There were 1,697 households, out of which 39.4% had children under the age of 18 living with them, 62.8% were married couples living together, 8.8% had a female householder with no husband present, and 24.5% were non-families. 19.8% of all households were made up of individuals, and 5.2% had someone living alone who was 65 years of age or older. The average household size was 2.75 and the average family size was 3.19.
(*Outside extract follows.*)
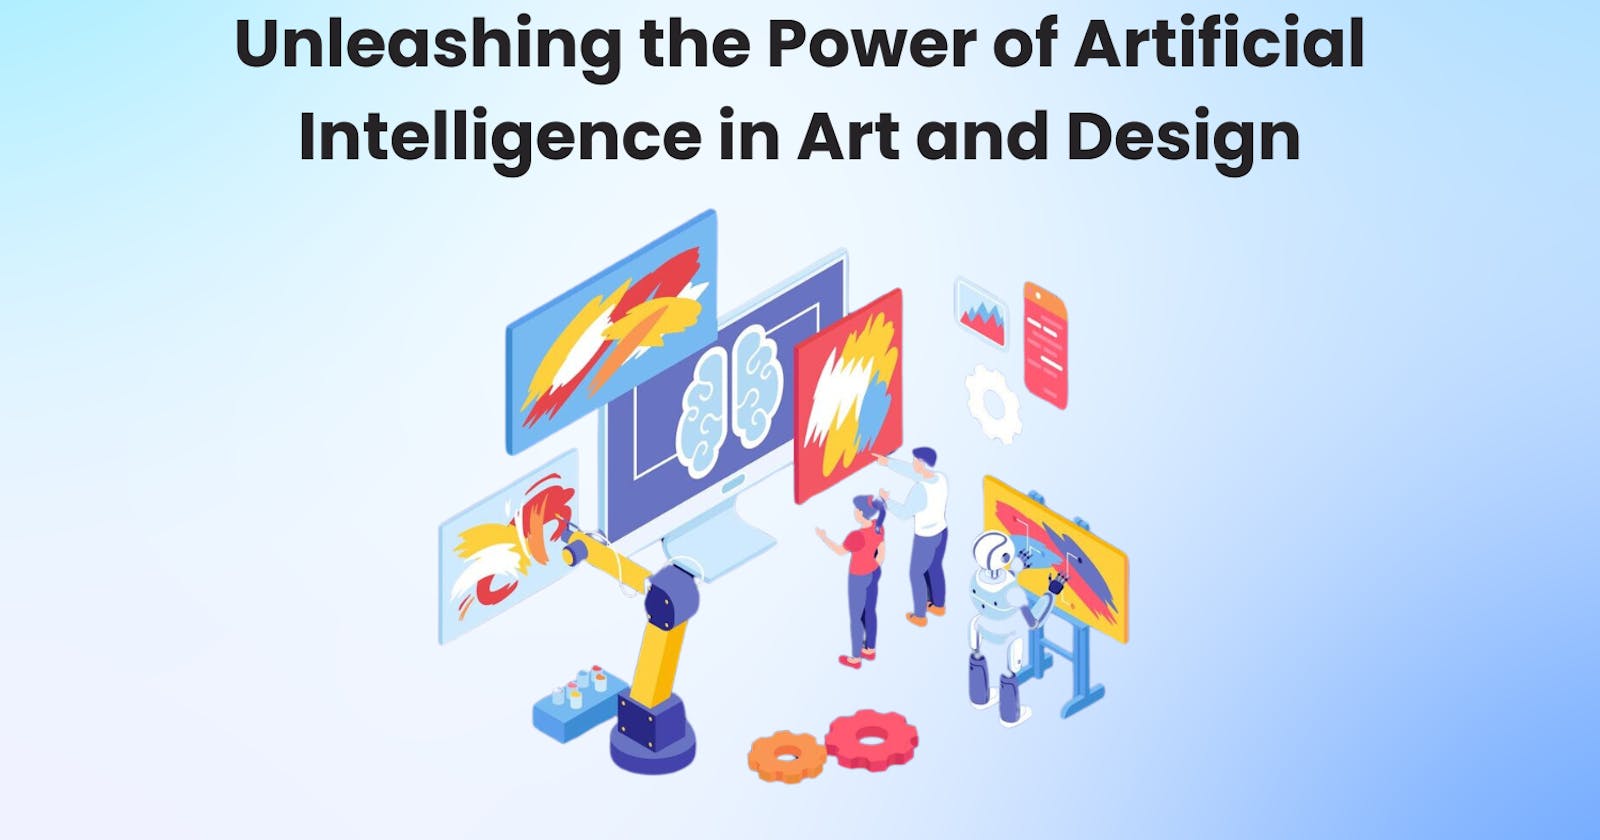 Unleashing the Power of Artificial Intelligence in Art and Design

In the city, the population was spread out, with 28.1% under the age of 18, 7.0% from 18 to 24, 31.6% from 25 to 44, 24.3% from 45 to 64, and 9.0% who were 65 years of age or older. The median age was 38 years. For every 100 females, there were 99.2 males. For every 100 females age 18 and over, there were 94.8 males.

The median income for a household in the city was $60,469, and the median income for a family was $70,670. Males had a median income of $43,008 versus $29,837 for females. The per capita income for the city was $25,438. About 1.2% of families and 2.3% of the population were below the poverty line, including 2.8% of those under age 18 and 4.9% of those age 65 or over.
==Notable people==
- Mystery Science Theater 3000 writer/actress Mary Jo Pehl grew up in Circle Pines.
- Professional Fighters League mixed martial artist Kaitlin Young was born in Circle Pines.